# Installing carpet/baseboard on stairs question.



## mike62 (Aug 15, 2006)

I am finishing my upstairs and almost done other than a few odds and ends with the baseboards.  My question is regarding the space between the stairs and the wall as it relates to carpet and the board between the wall and stairs.

I have approx. anywhere from maybe an inch to a little over an inch maybe between the wall and stairs.  I know most people put like a 1x10 board or something to fill in the space there.  Should I already have the board in place BEFORE the carpet is laid OR should I wait until the carpet is laid and then install the board?

Either way it is going to be a tight fit I am sure but who can work easier the carpet guys trying to install with the board already there or me trying to squeeze the board in after the carpet is laid on the stairs?

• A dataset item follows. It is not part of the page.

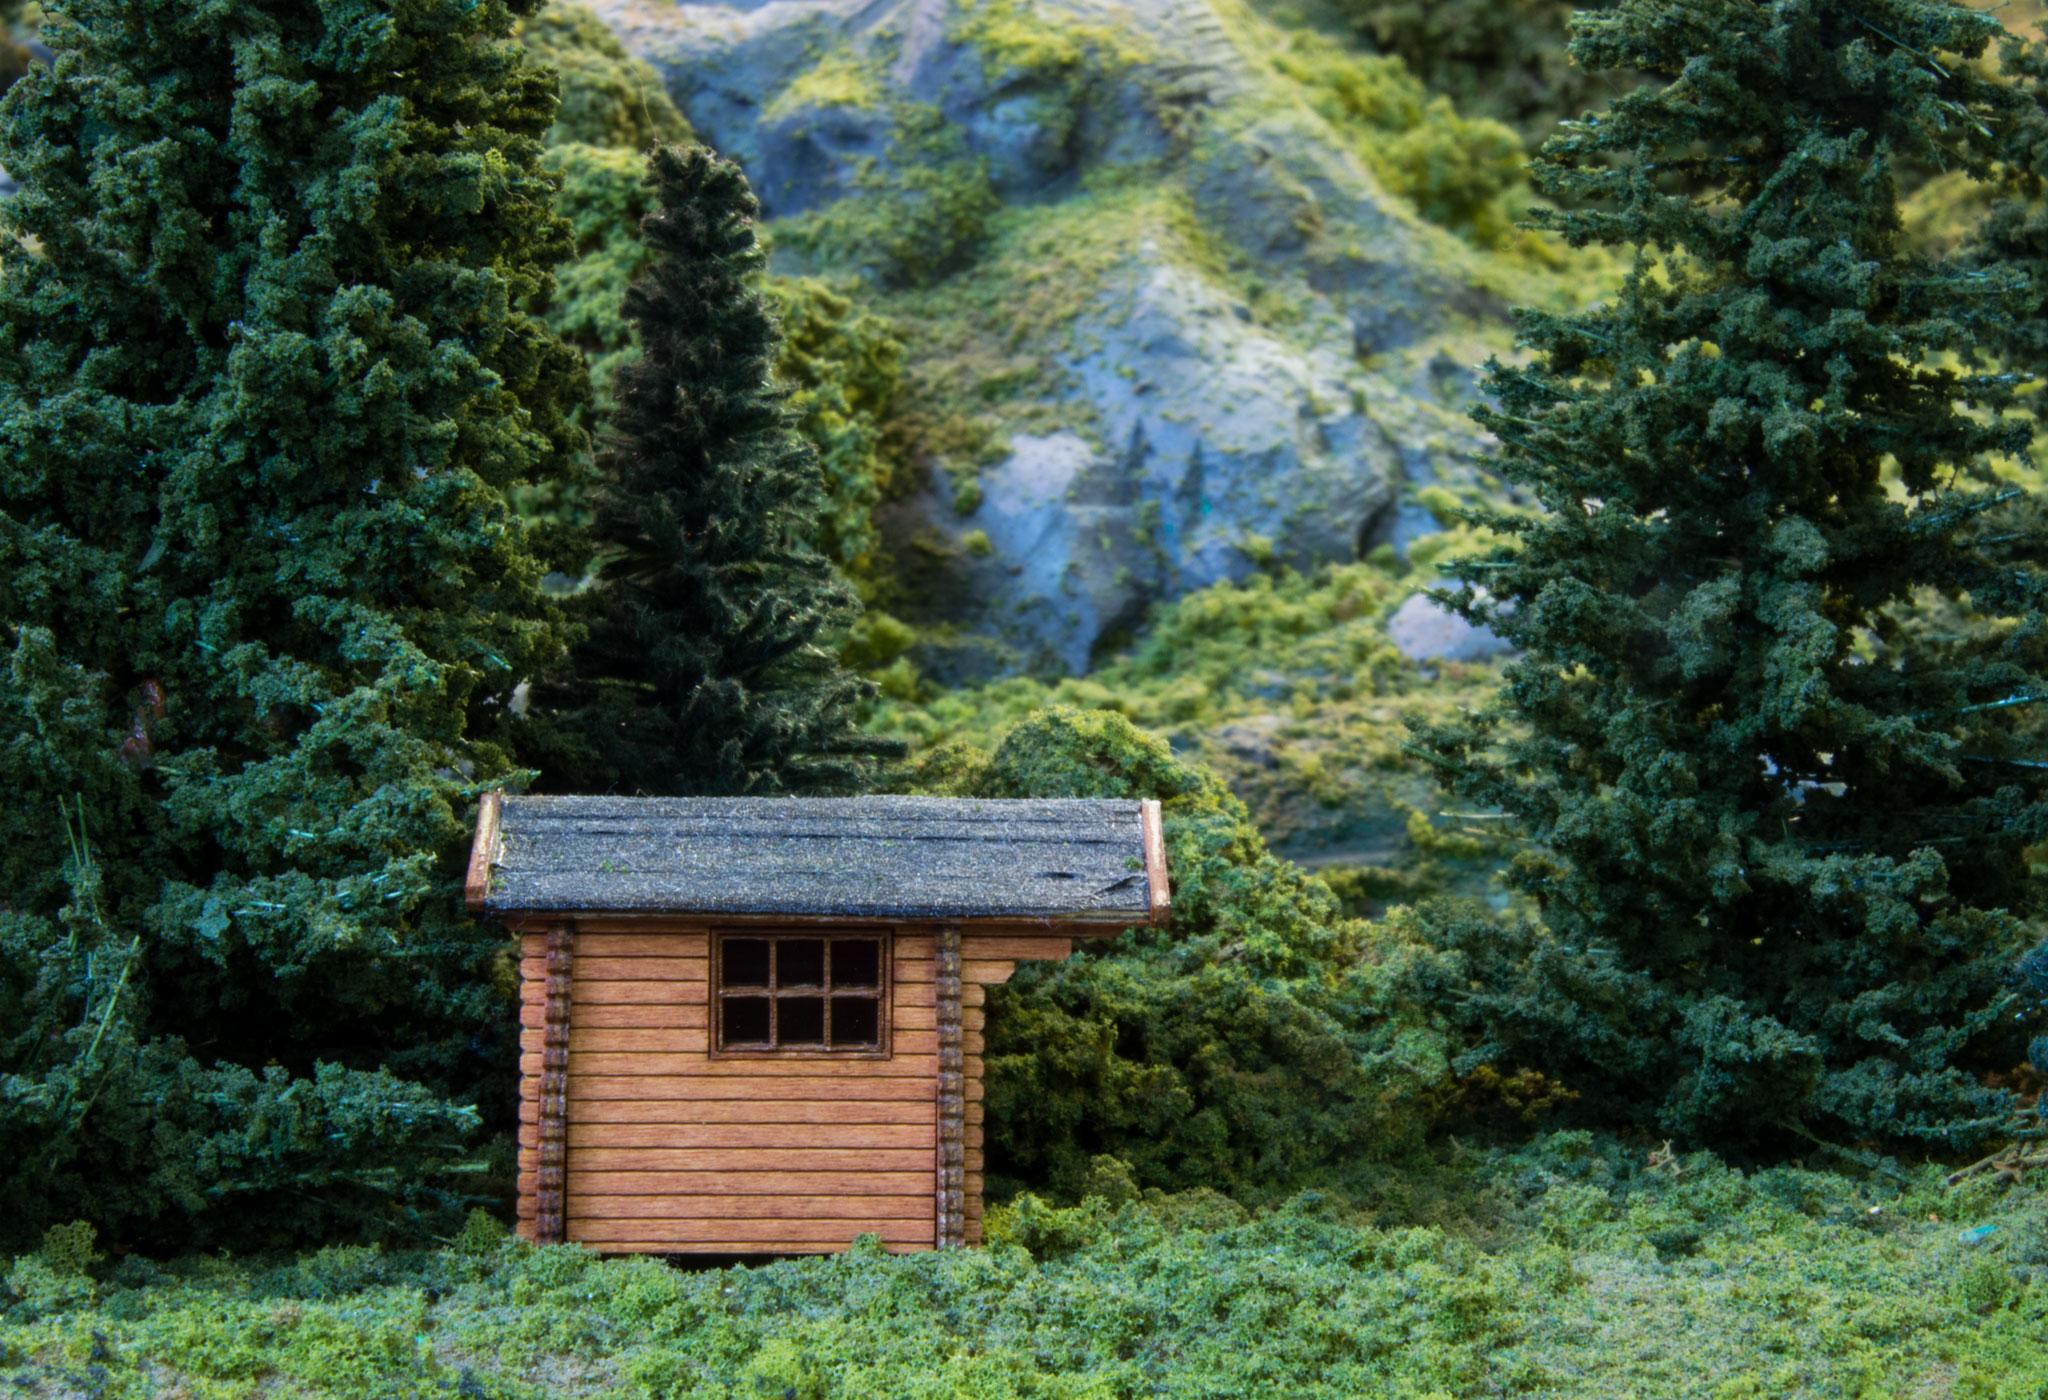 Hytte i skov

What is your suggestions?  Thanks.


----------



## glennjanie (Aug 15, 2006)

Hey Mike:
Carpet installers like to have a place to tuck the carpet in; like a 1/4" to 3/8" space under the baseboard. Likewise your stair stringer should have at least a 1/4" space under it for tucking the edge of the carpet under and you should have it in place when the installers come in.
If you already know who will lay the carpet, you could call them up and let them verify or refute my statement. Different strokes for different folks, you know.
Glenn


----------